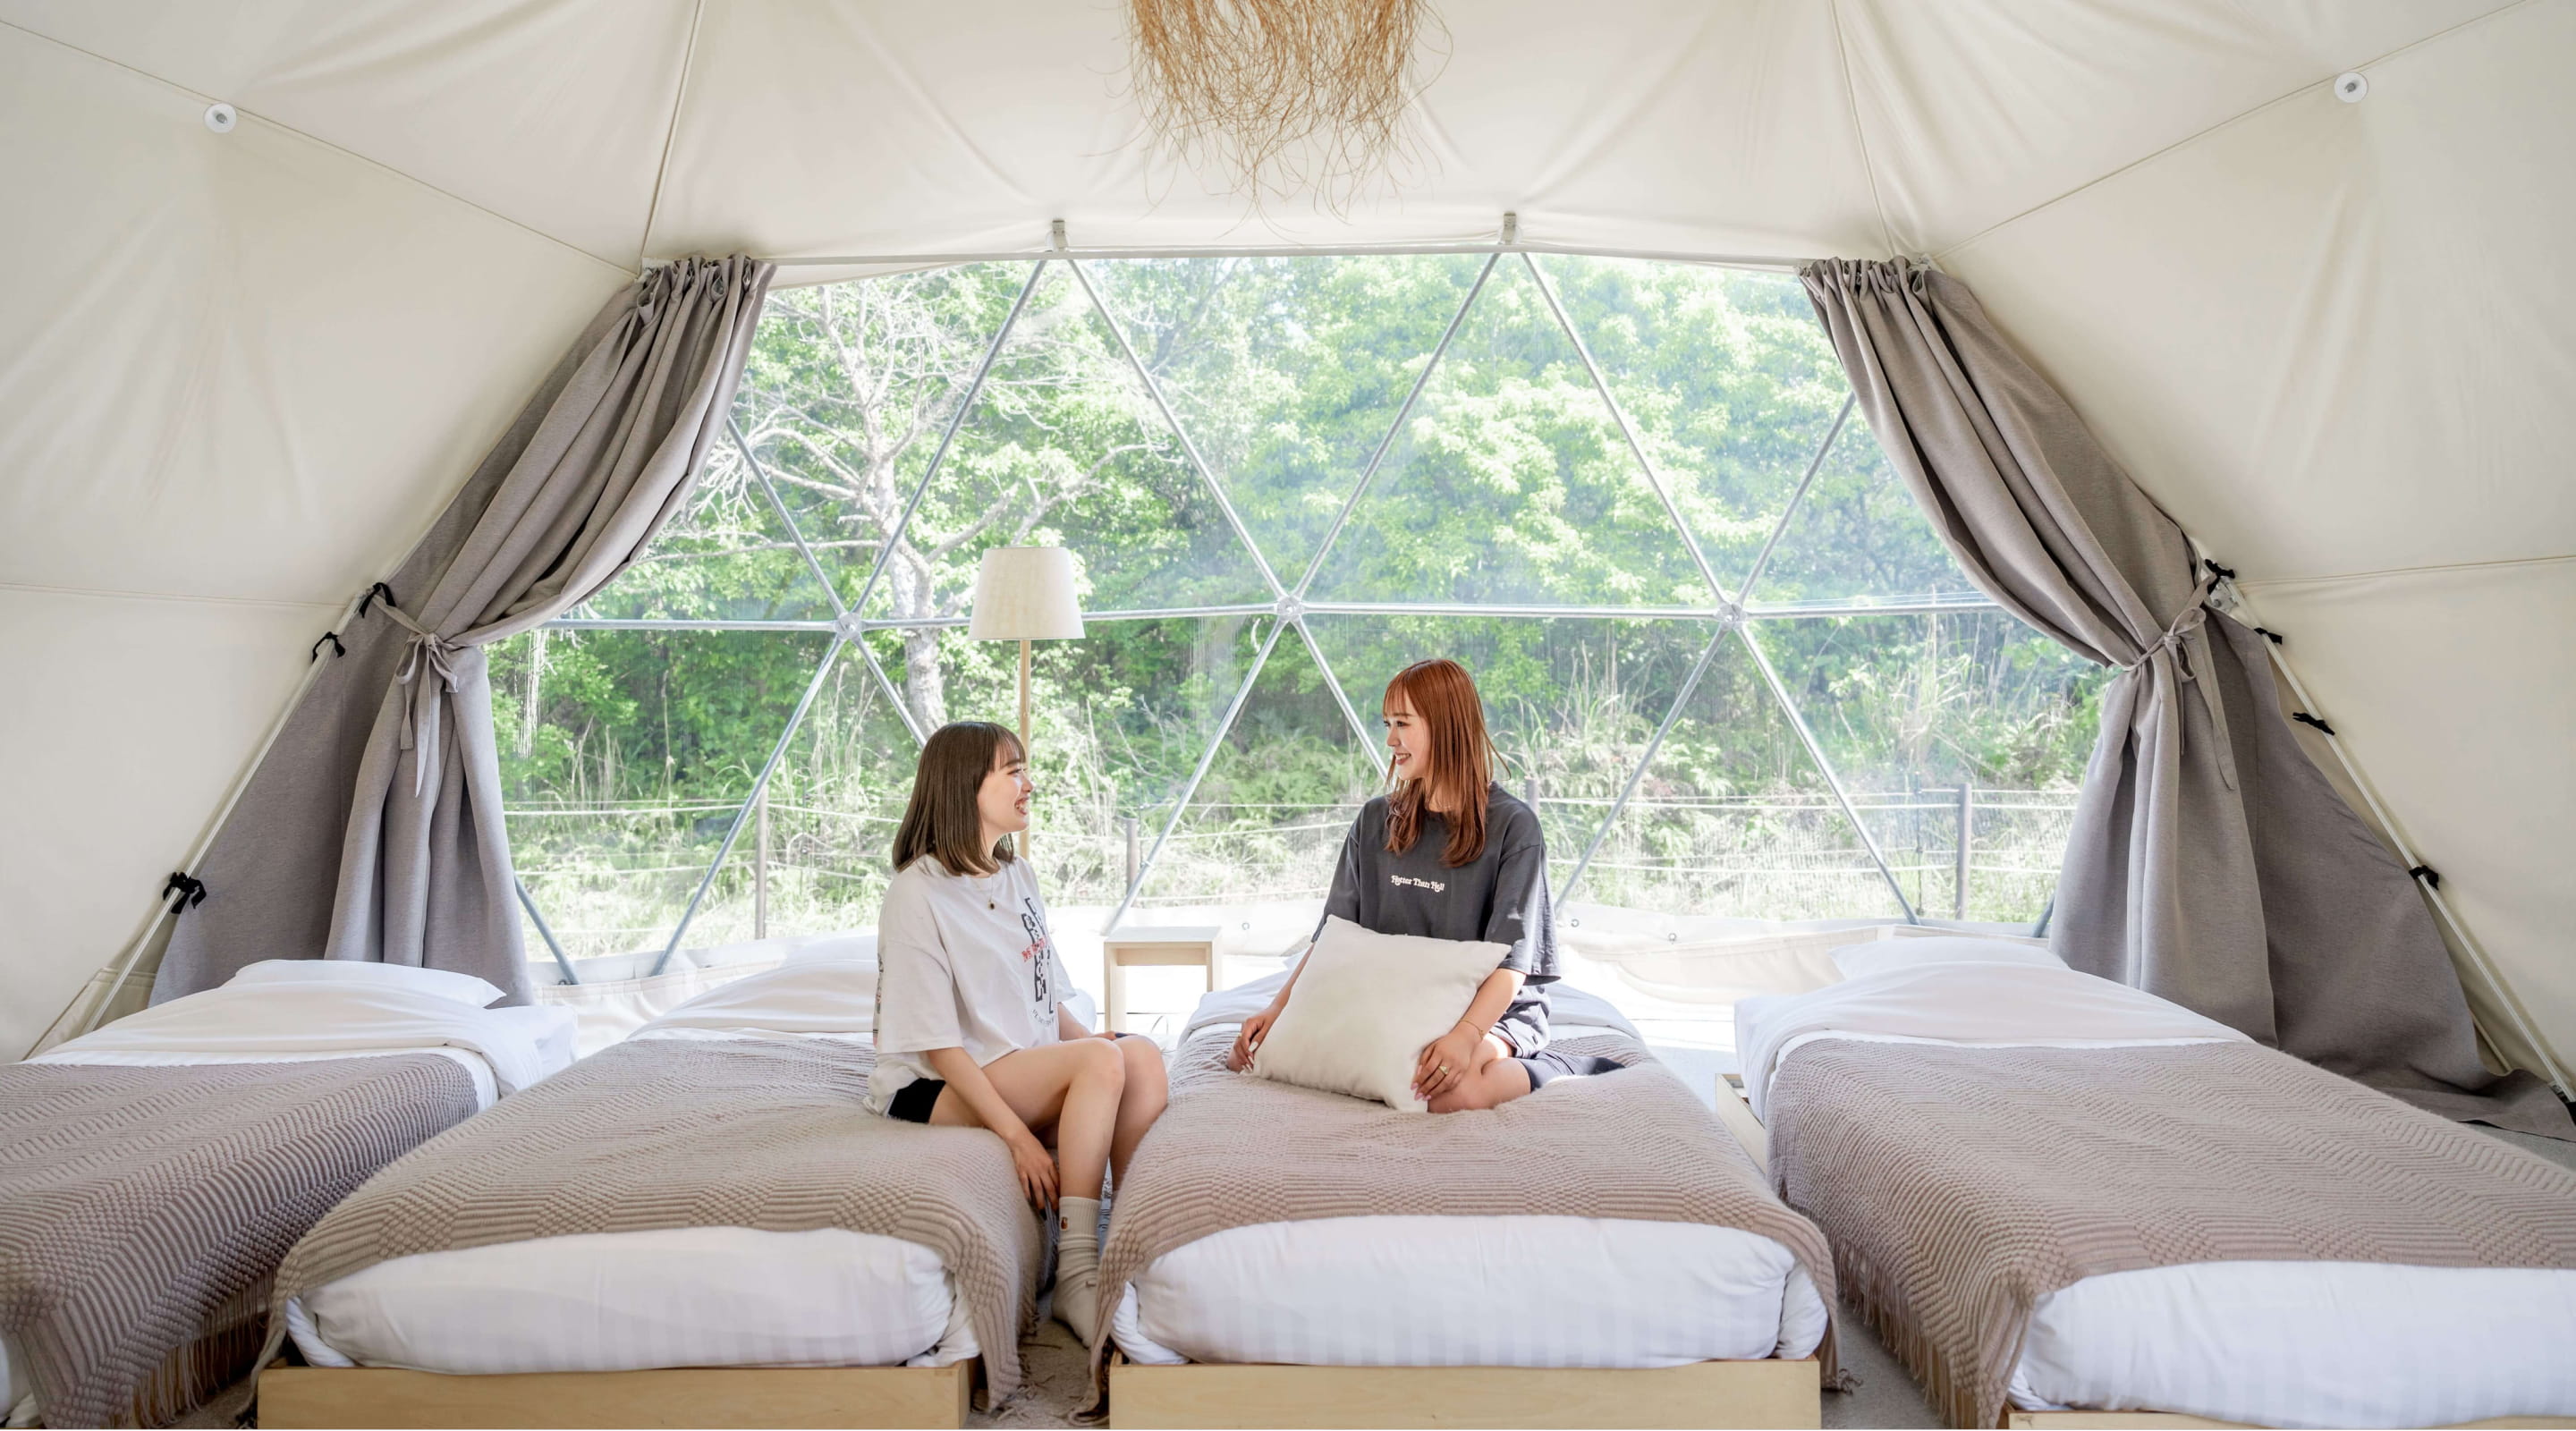 Photo of women relaxing on beds in a tent
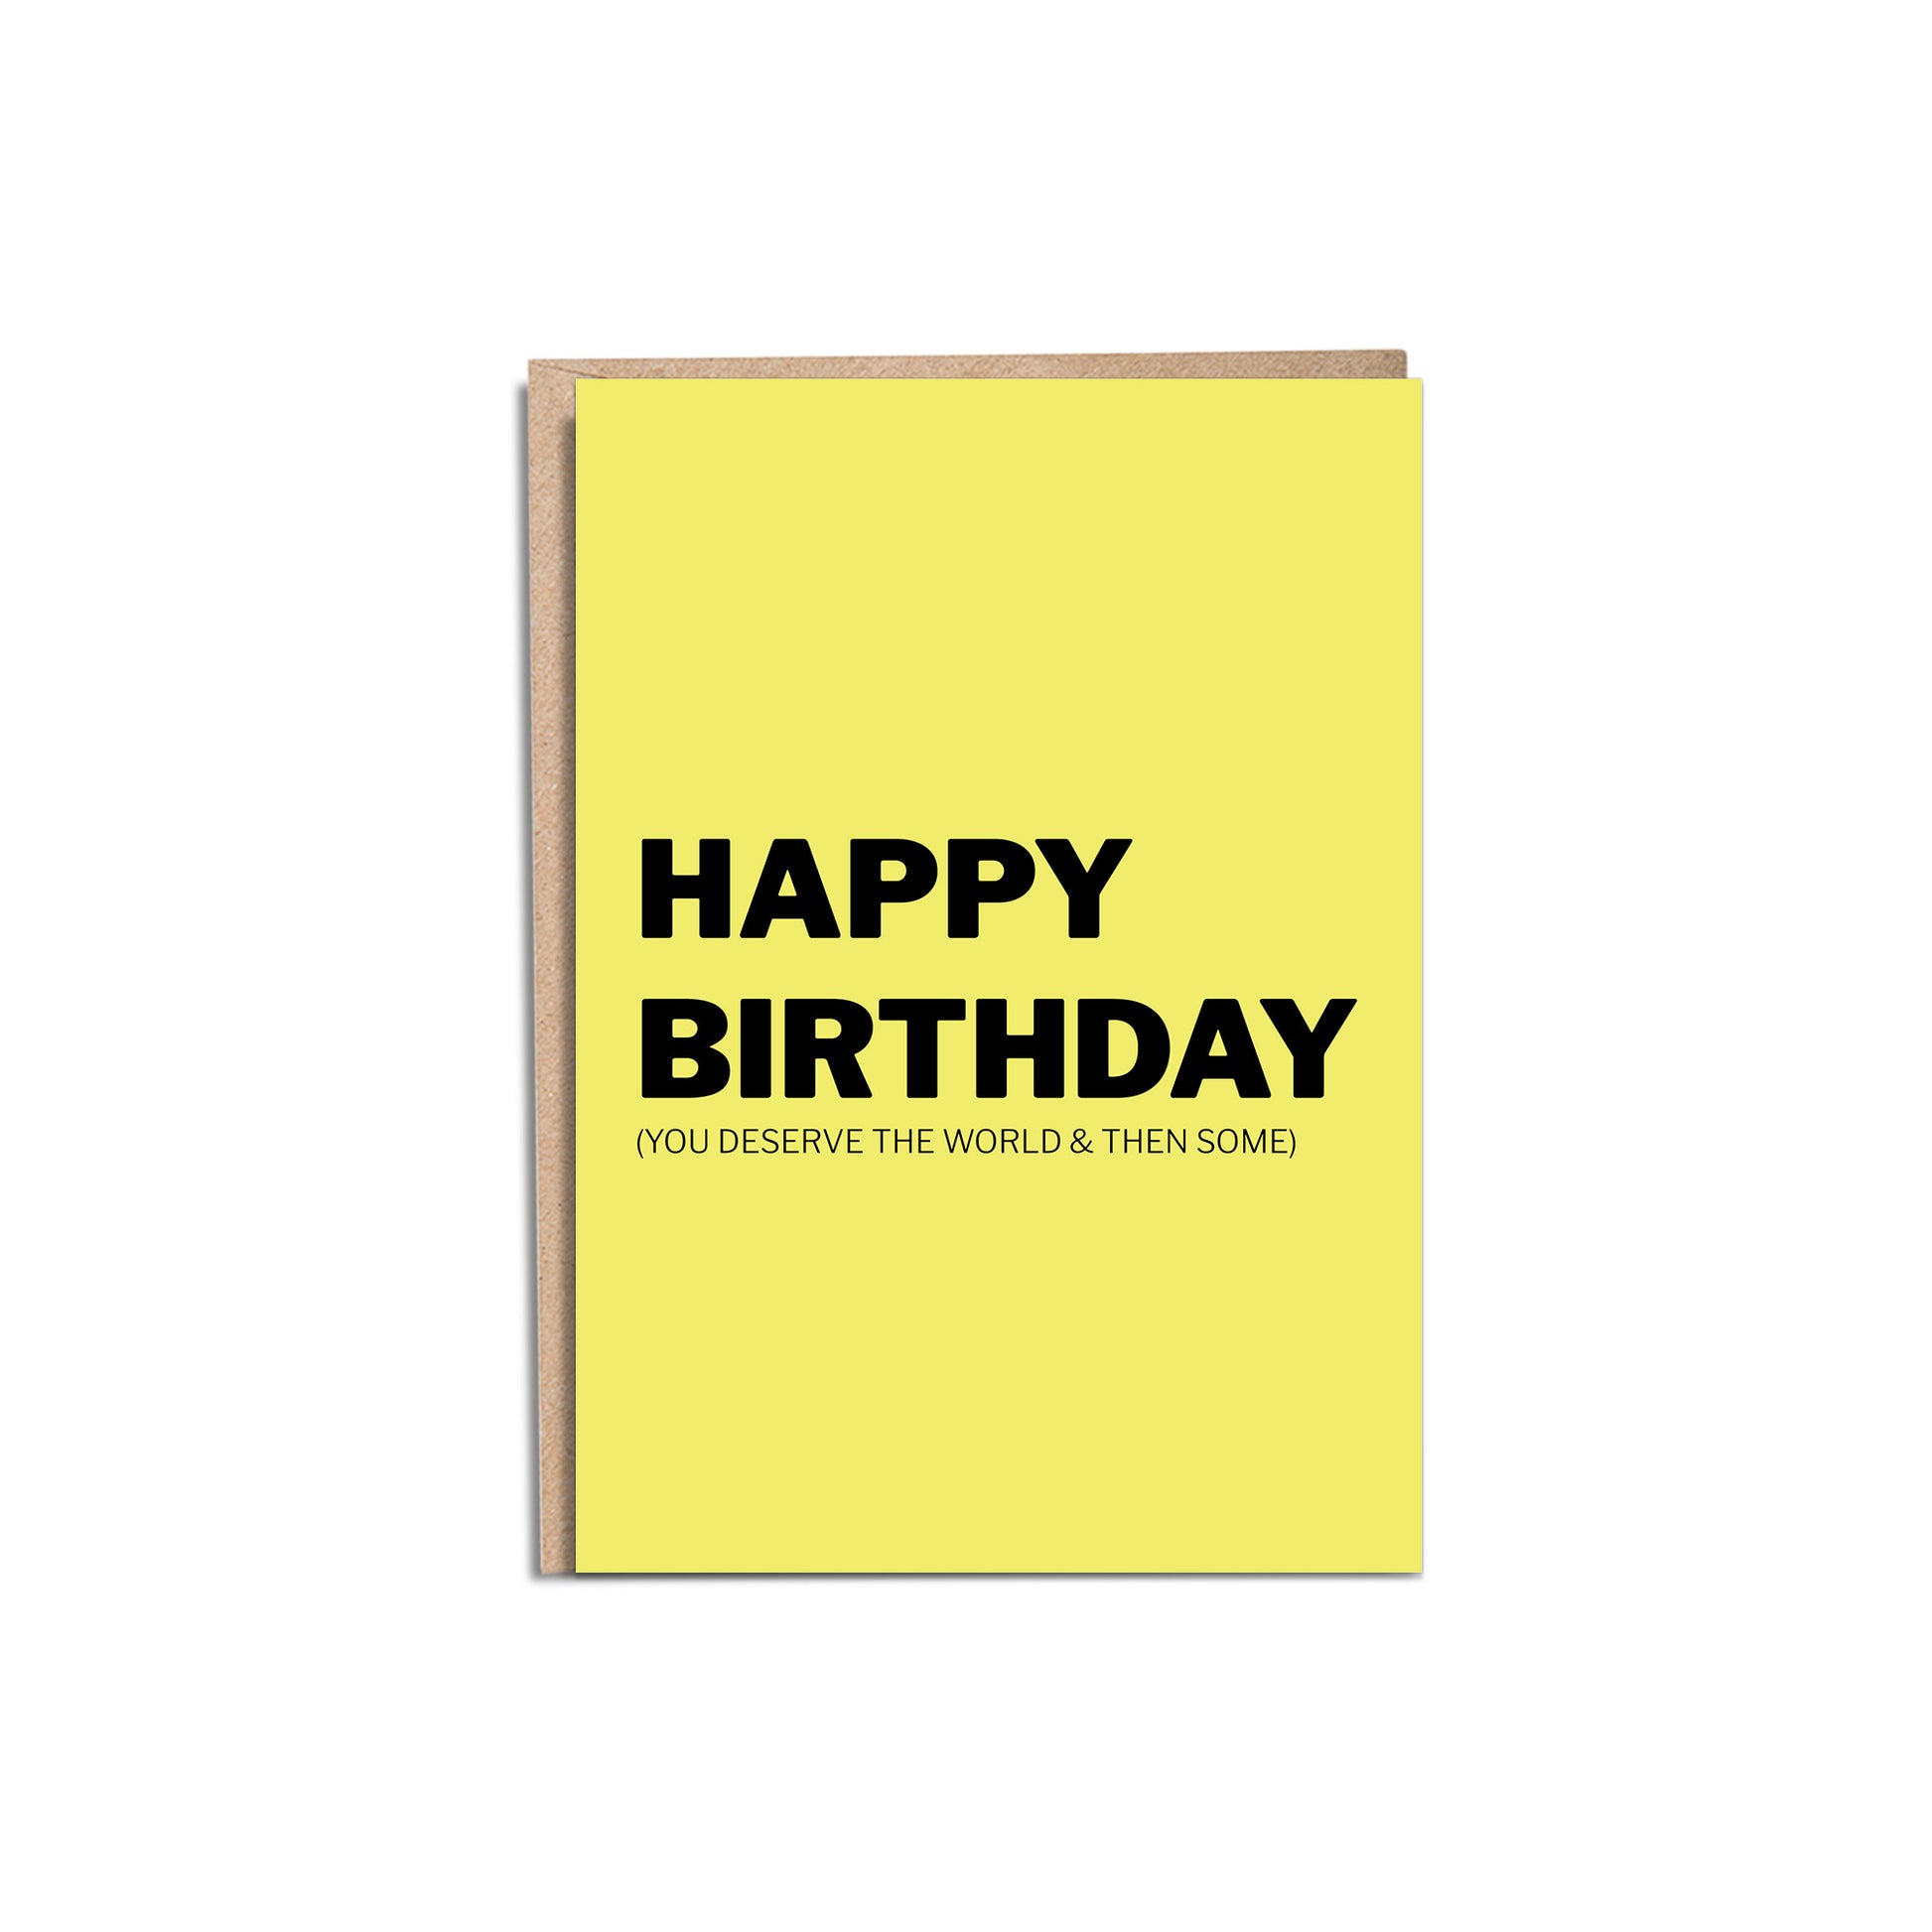 You Deserve 5x7” simple yellow birthday greeting card from Goods Made By Digitrillnana, Ashley Fletcher. Black Woman Owned. Perfect card to celebrate a birthday, or add to a gift!
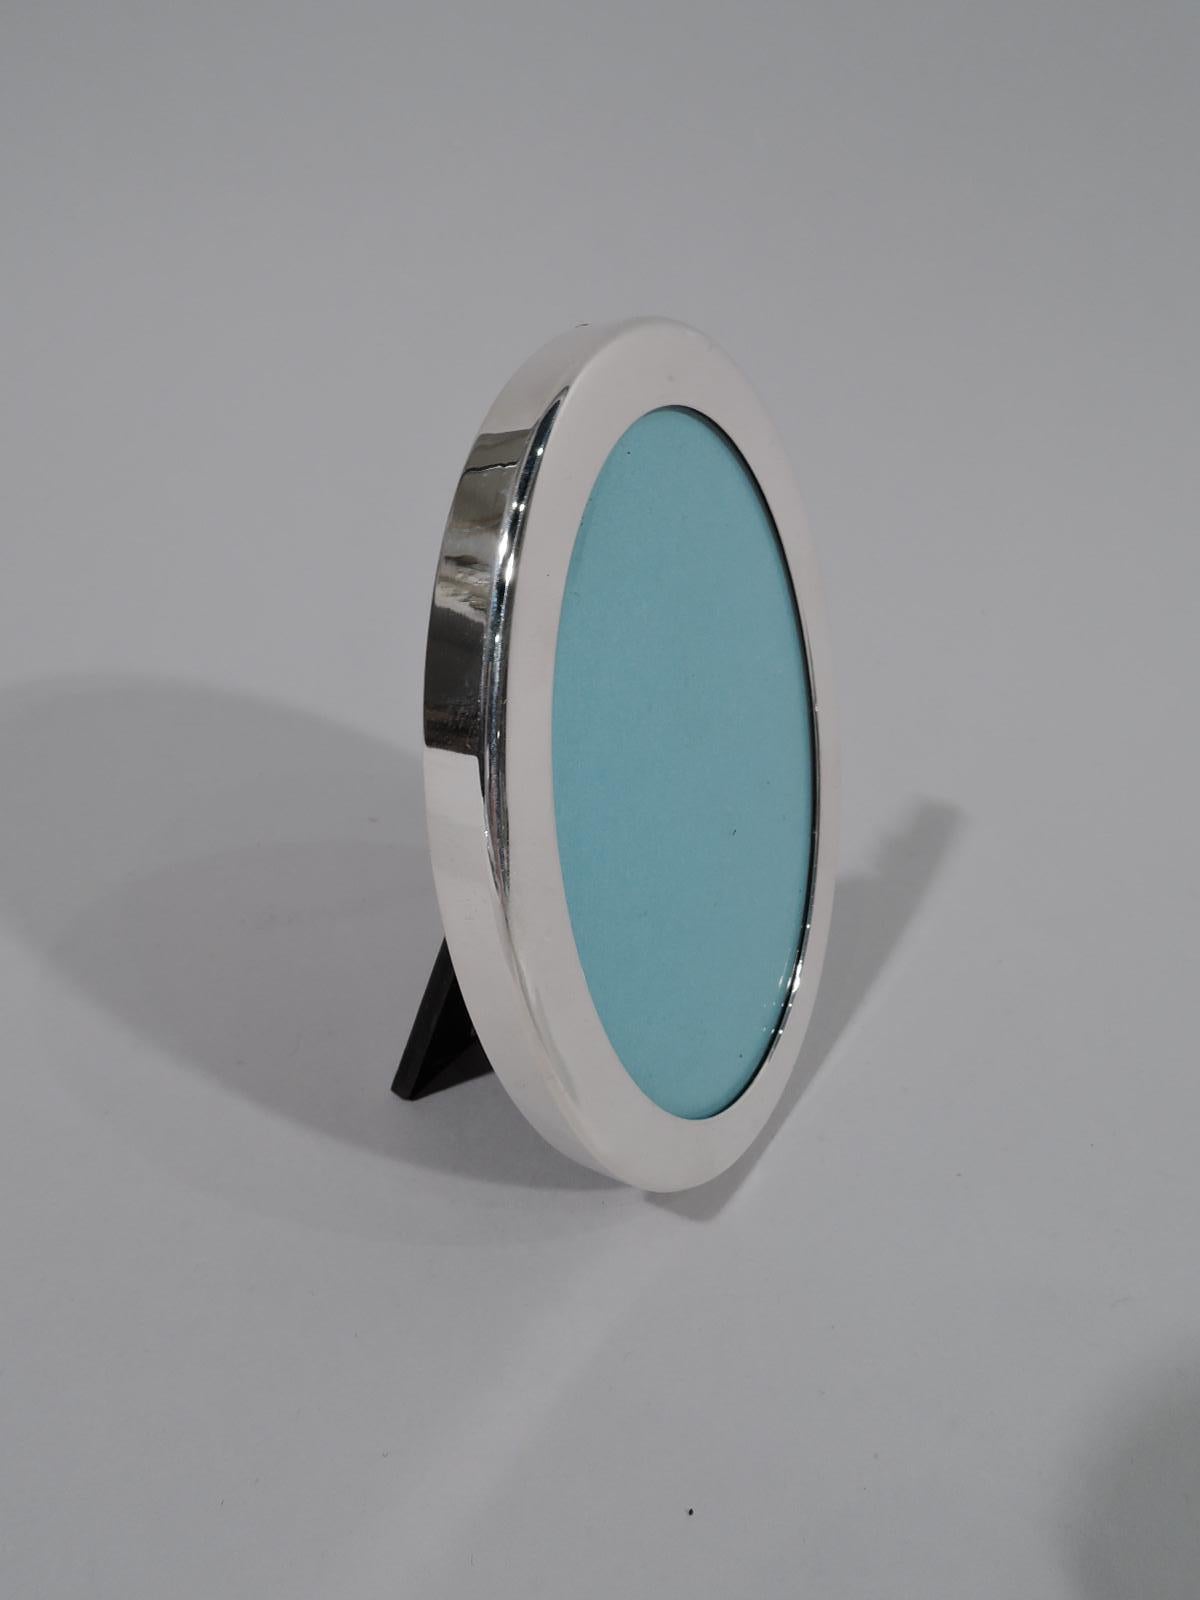 Small sterling silver picture frame. Retailed by Tiffany & Co. in New York. Oval window and flat surround. With glass, eggshell-blue lining, and laminate back and hinged support. Marked “Tiffany & Co. / Sterling” and post-1967 Italian hallmark for

Task requirements:
Reproduce word for word only the lines between the line containing "add to a gift!" and the end of the listing above, both included, and drop any pictures.

Task result:
 You Deserve 5x7” simple yellow birthday greeting card from Goods Made By Digitrillnana, Ashley Fletcher. Black Woman Owned. Perfect card to celebrate a birthday, or add to a gift!
 Small sterling silver picture frame. Retailed by Tiffany & Co. in New York. Oval window and flat surround. With glass, eggshell-blue lining, and laminate back and hinged support. Marked “Tiffany & Co. / Sterling” and post-1967 Italian hallmark for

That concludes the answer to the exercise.